▸ Exercise: Below are some entries. Transcribe the lines from the one holding "Halong Bucht Kreuzfahrten" to the one holding "4a231cb46a Vans Gilbert", inclusive, but not the pictures among them.

▸ Extracted entries:
*** Begin section ***

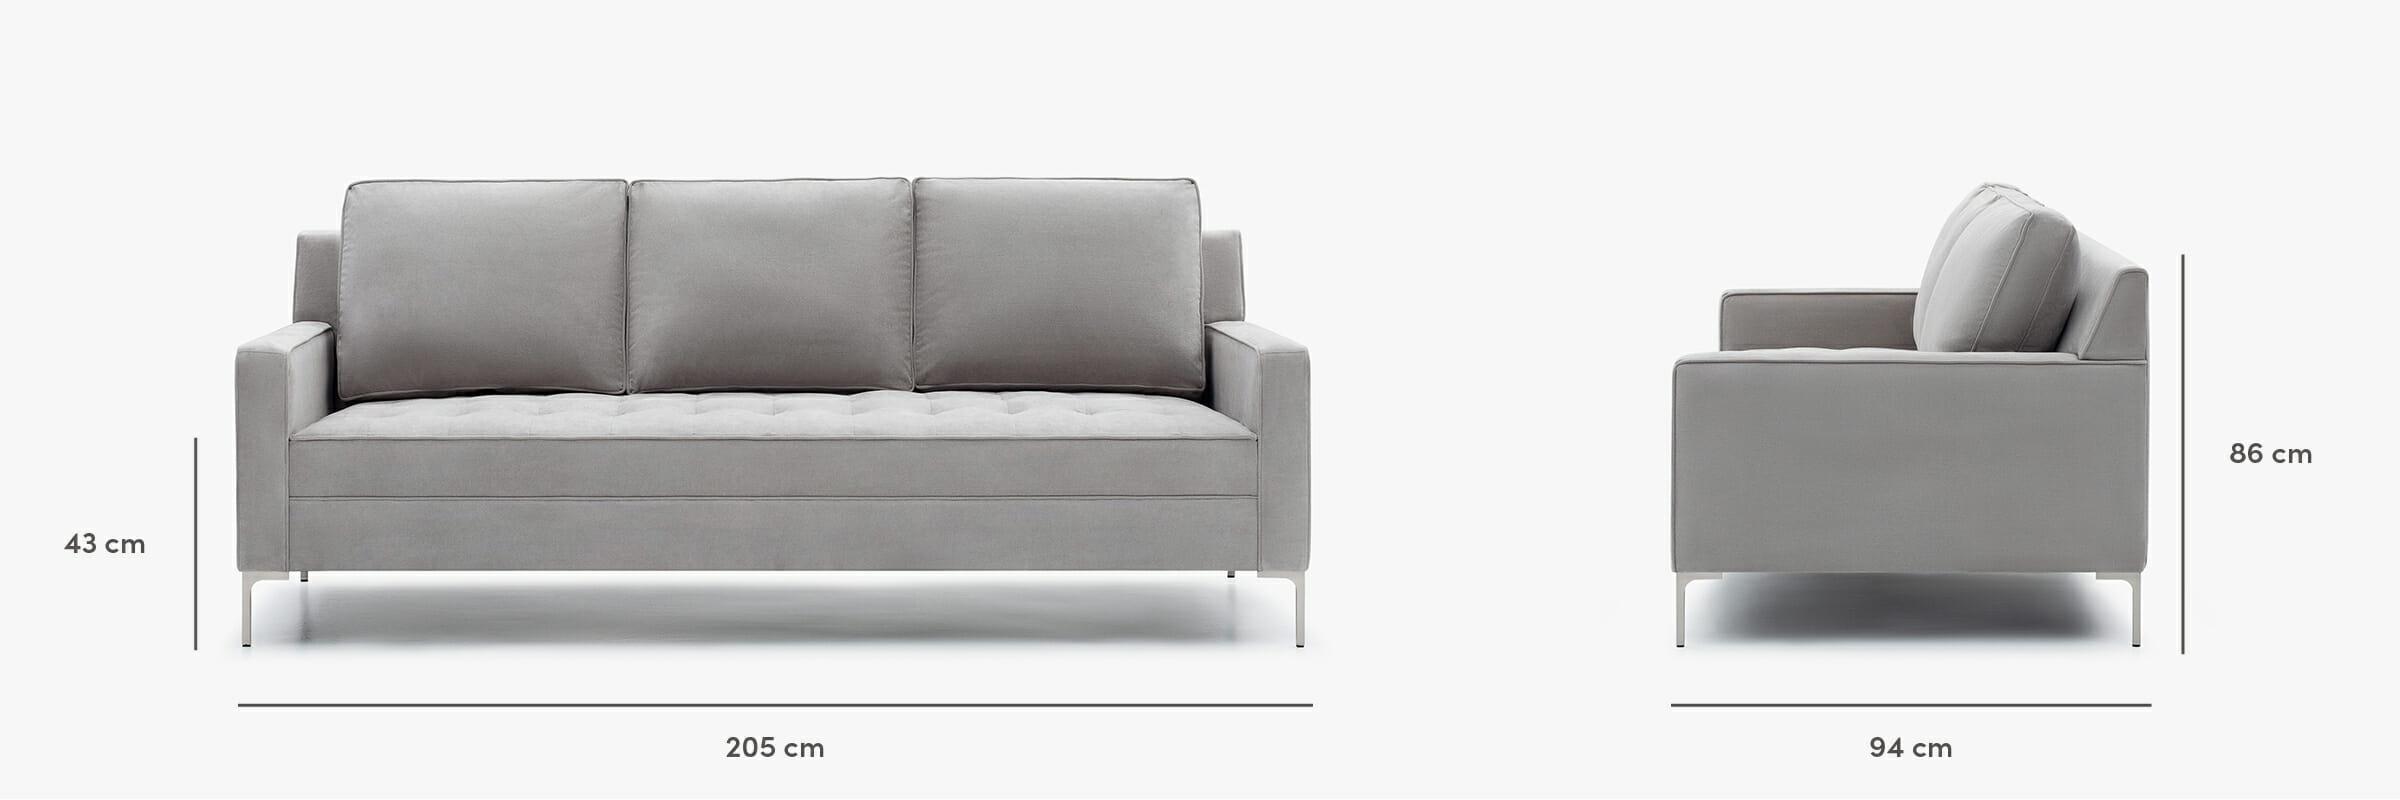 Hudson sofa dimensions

*** End section ***
*** Begin section ***

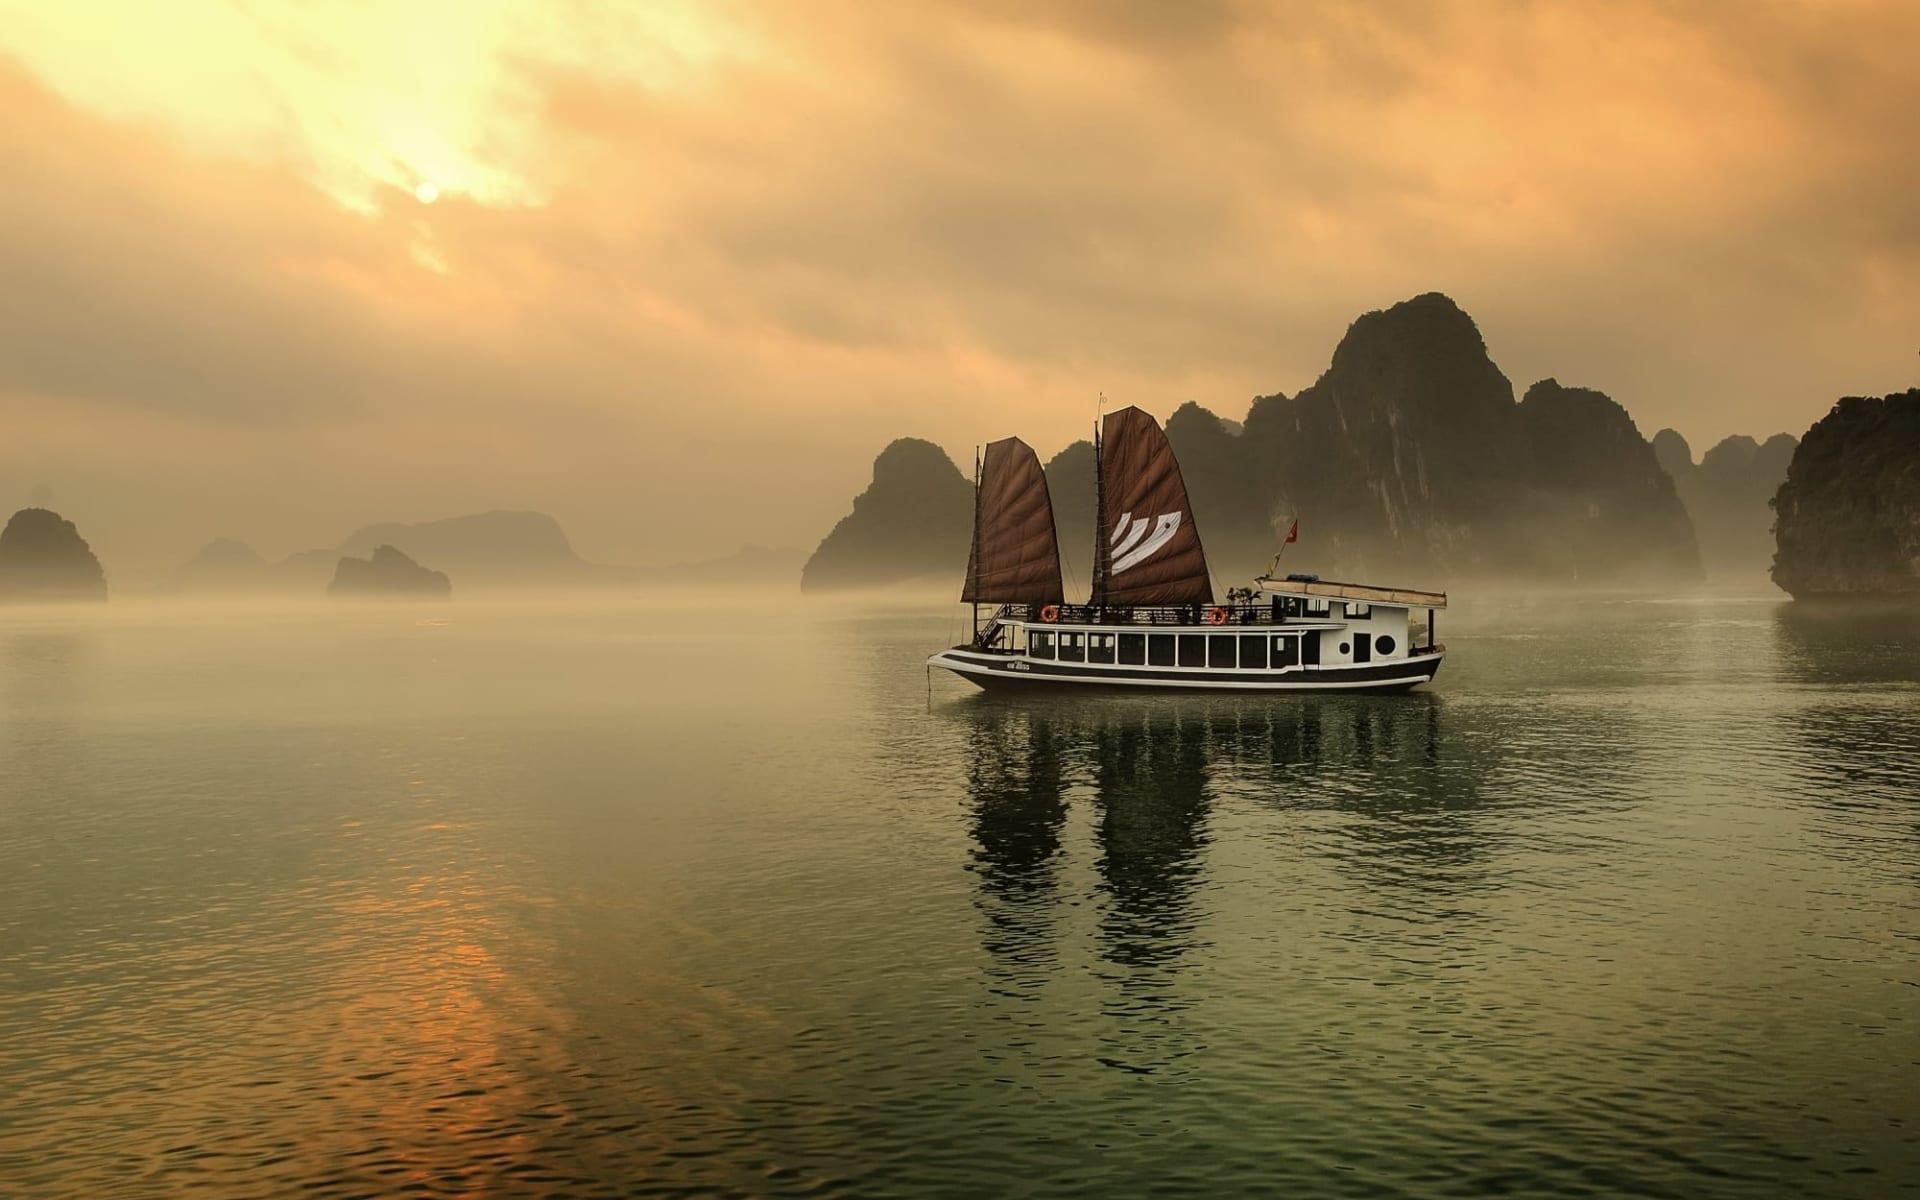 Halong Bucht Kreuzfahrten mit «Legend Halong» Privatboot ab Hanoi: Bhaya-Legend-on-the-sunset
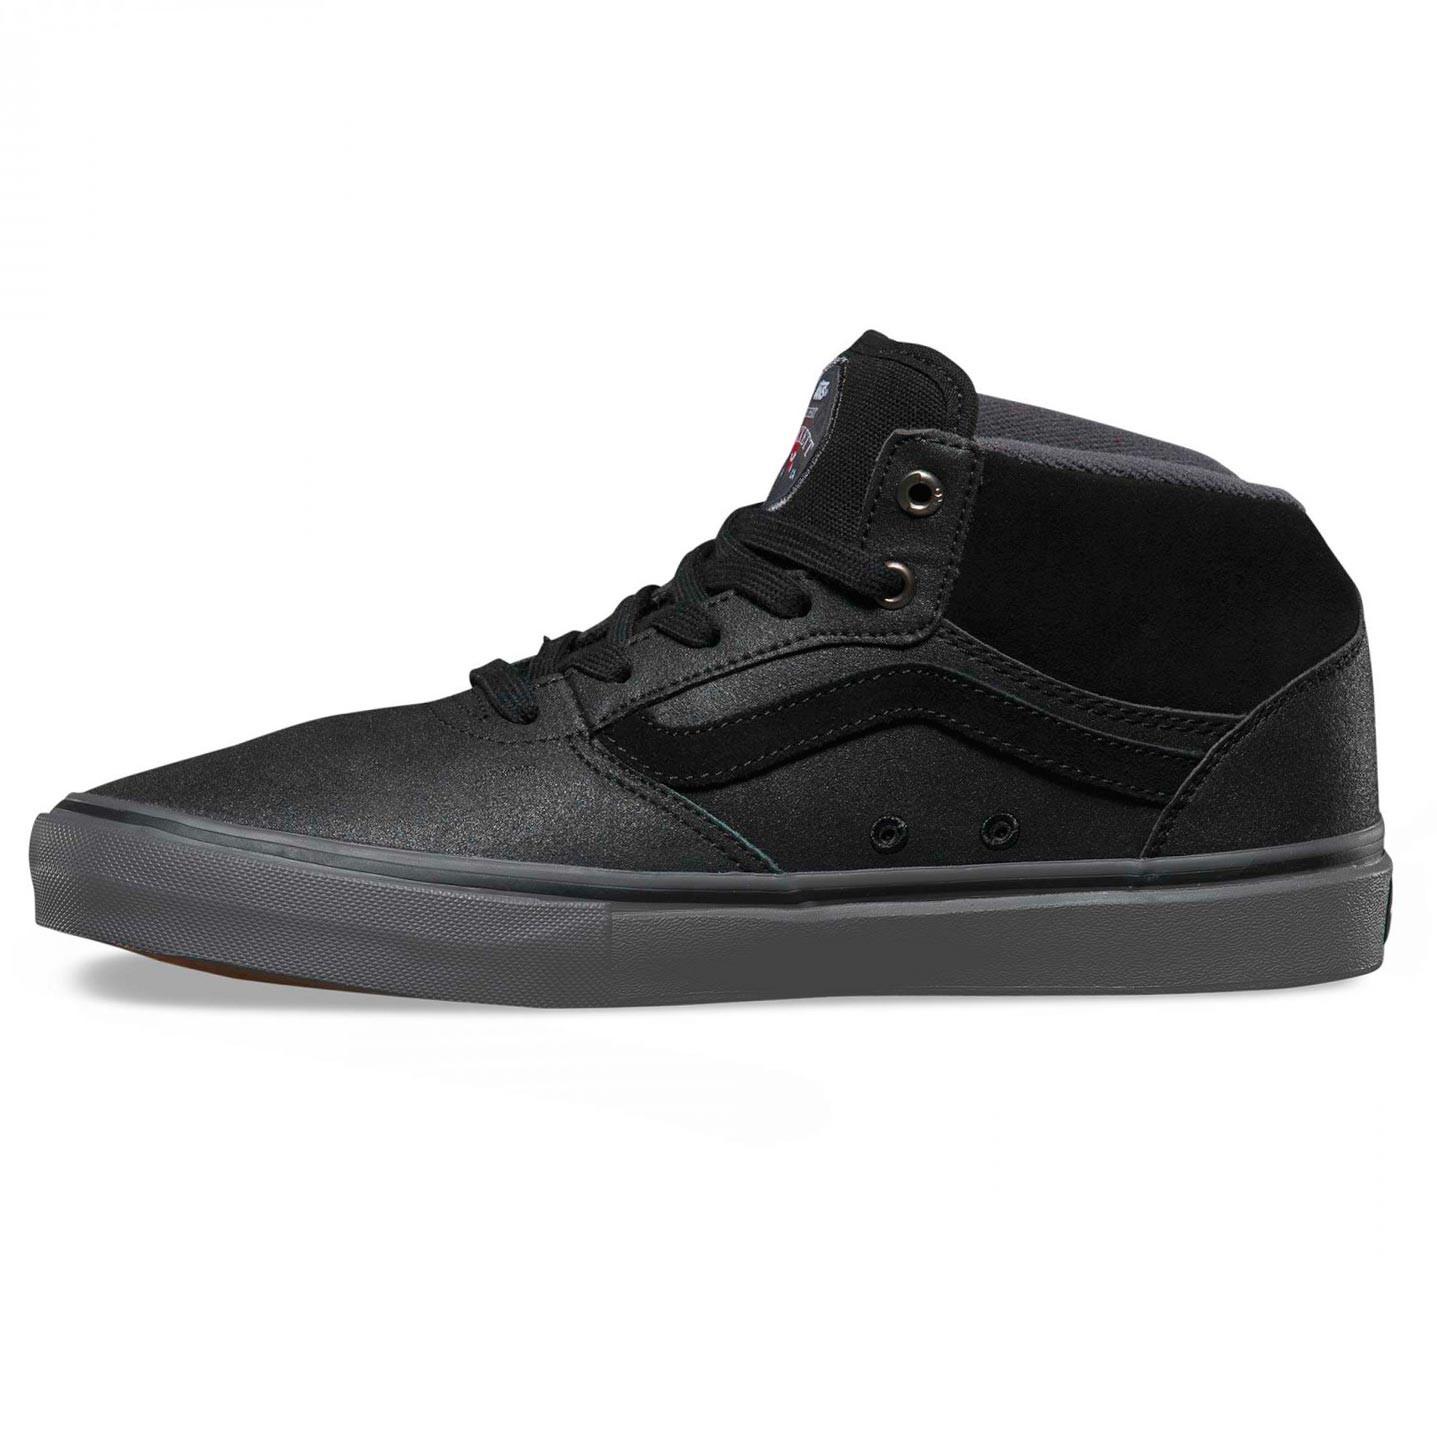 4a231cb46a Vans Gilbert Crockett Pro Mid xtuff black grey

*** End section ***
*** Begin section ***

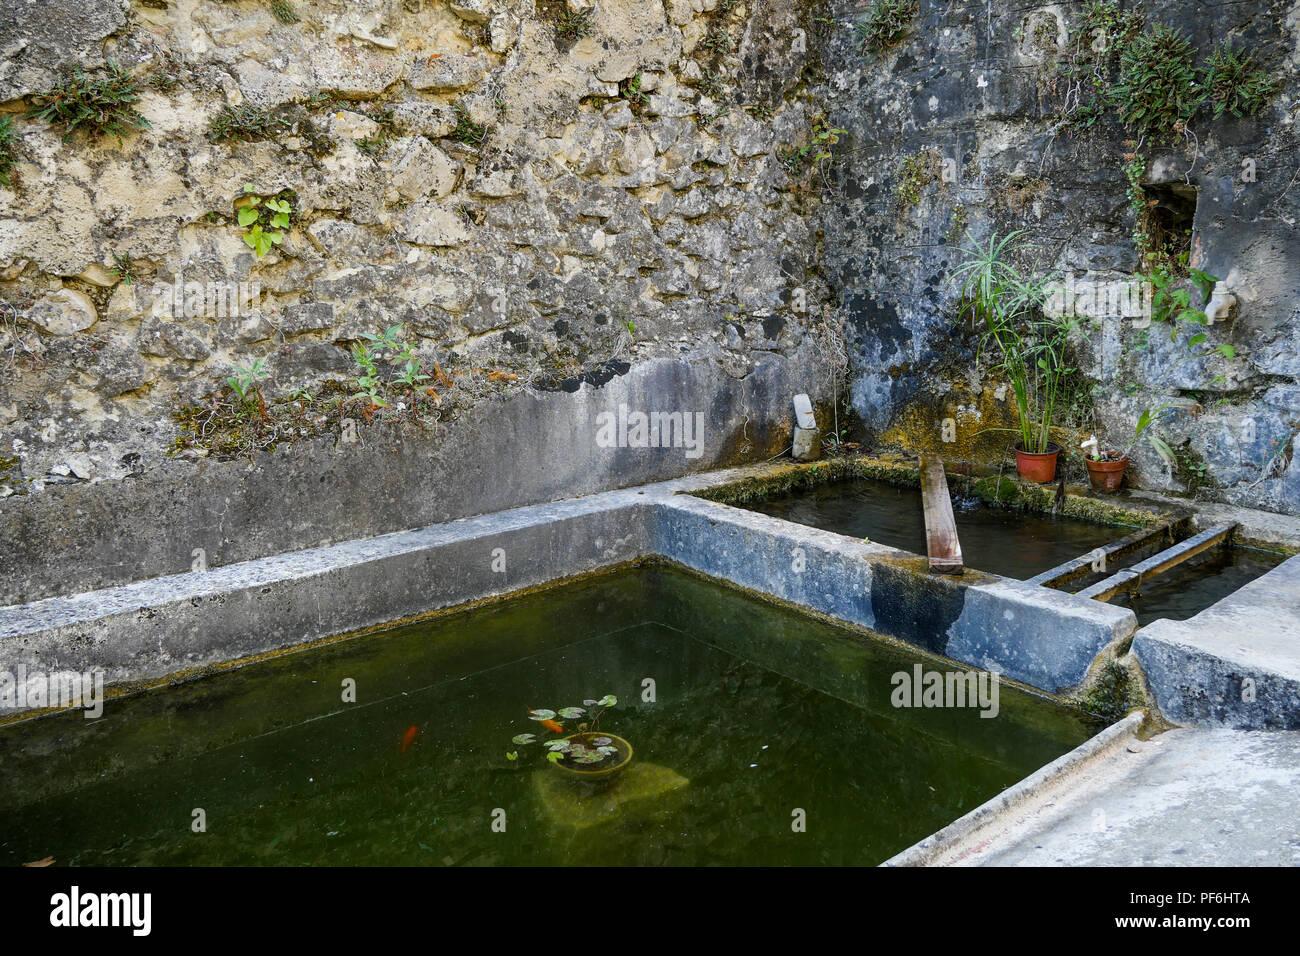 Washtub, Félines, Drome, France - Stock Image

*** End section ***

▸ Answer area:
 Halong Bucht Kreuzfahrten mit «Legend Halong» Privatboot ab Hanoi: Bhaya-Legend-on-the-sunset
 4a231cb46a Vans Gilbert Crockett Pro Mid xtuff black grey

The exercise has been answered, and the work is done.